为什么这个DOMXpath查询合并兄弟节点值?

Given the following code:

$html = "<h1>foo</h1><h2>bar</h2>";
$document = new DOMDocument();
$document->loadHTML($html, LIBXML_HTML_NOIMPLIED | LIBXML_HTML_NODEFDTD);
$xpath = new DOMXPath($document);
$h1Nodes = $xpath->query('//h1');
foreach ($h1Nodes as $h1Node) {
    var_dump($h1Node->nodeValue);
}

H1 tag contains only text node with the text 'foo'. Text 'bar' is in a sibling heading node (h2). I would expect the output to be 'foo'.

However, the output is 'foobar'.

Why?

Thank you, for your comment, hardik solanki.

It lead me to the answer: valid markup must have a root element.

Markup, which I've provided doesn't have one, and flags I've used prevent the library from adding one implicitly. So the first tag is treated as a root element and the result is a bit confusing.

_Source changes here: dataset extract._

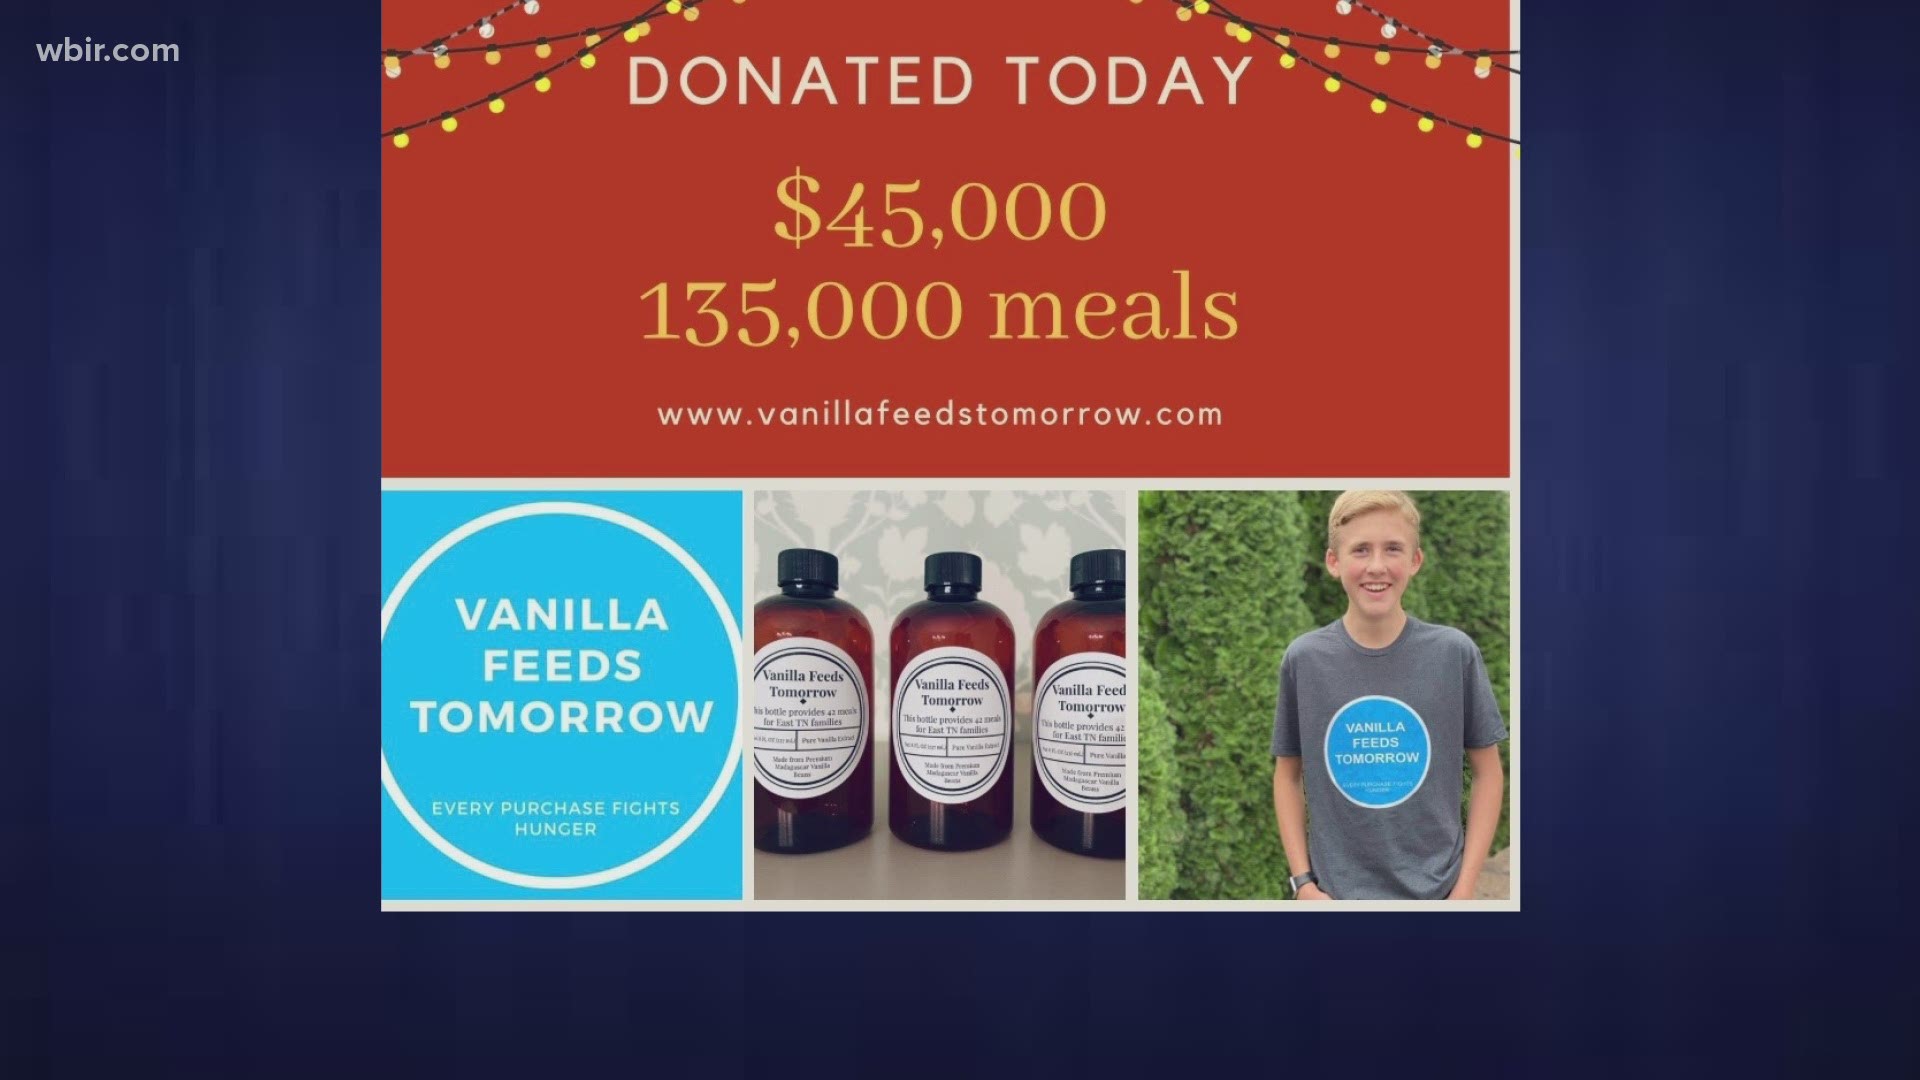 William Cabaniss is  a  freshman at Farragut High School. Sales of his Vanilla extract raised $45,000 for Second Harvest  Food Bank of E.T. Dec. 30, 2020-4pm.o
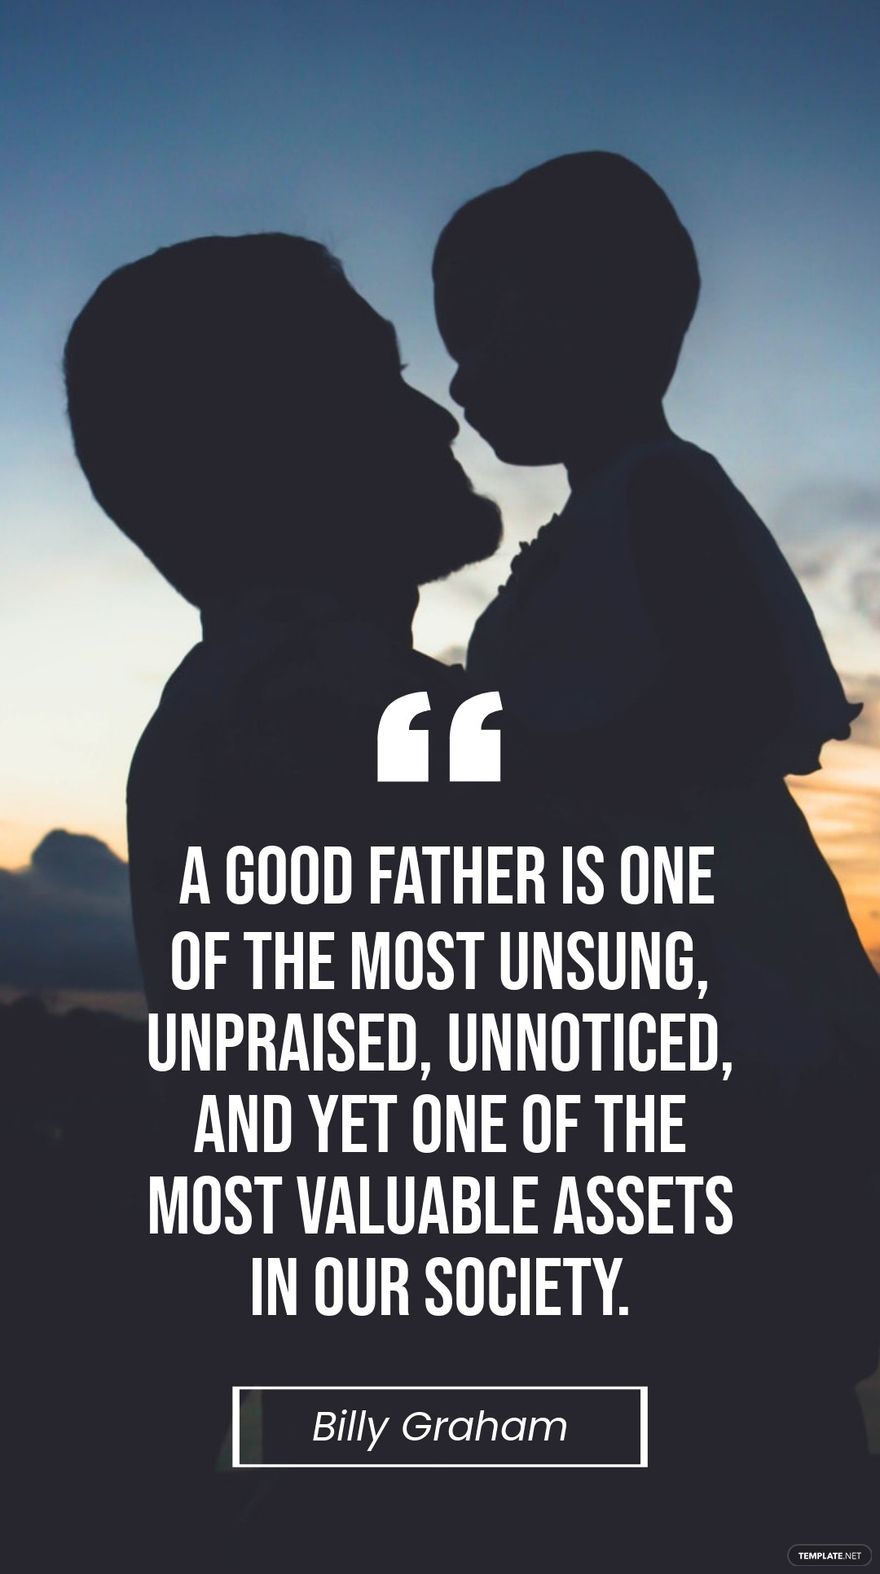 Free Billy Graham - A good father is one of the most unsung, unpraised, unnoticed, and yet one of the most valuable assets in our society.

Dropping those flags helps for this issue, but I am using them for a purpose. I just want to manipulate a snippet of HTML, and not a whole document. I want to get this snippet back (after transformations), by calling DOMDocument::saveHTML(). Without doctype/<html>/<body> tags.

I've ended up doing this:

  • I add doctype/<html>/<body> tags to the HTML snippet I want to manipluate to have temporary a valid document
  • load it with DOMDocument
  • transform it the way I need
  • save it with DOMDocument::saveHTML()
  • get rid of excess doctype/<html>/<body> tags markup

It works.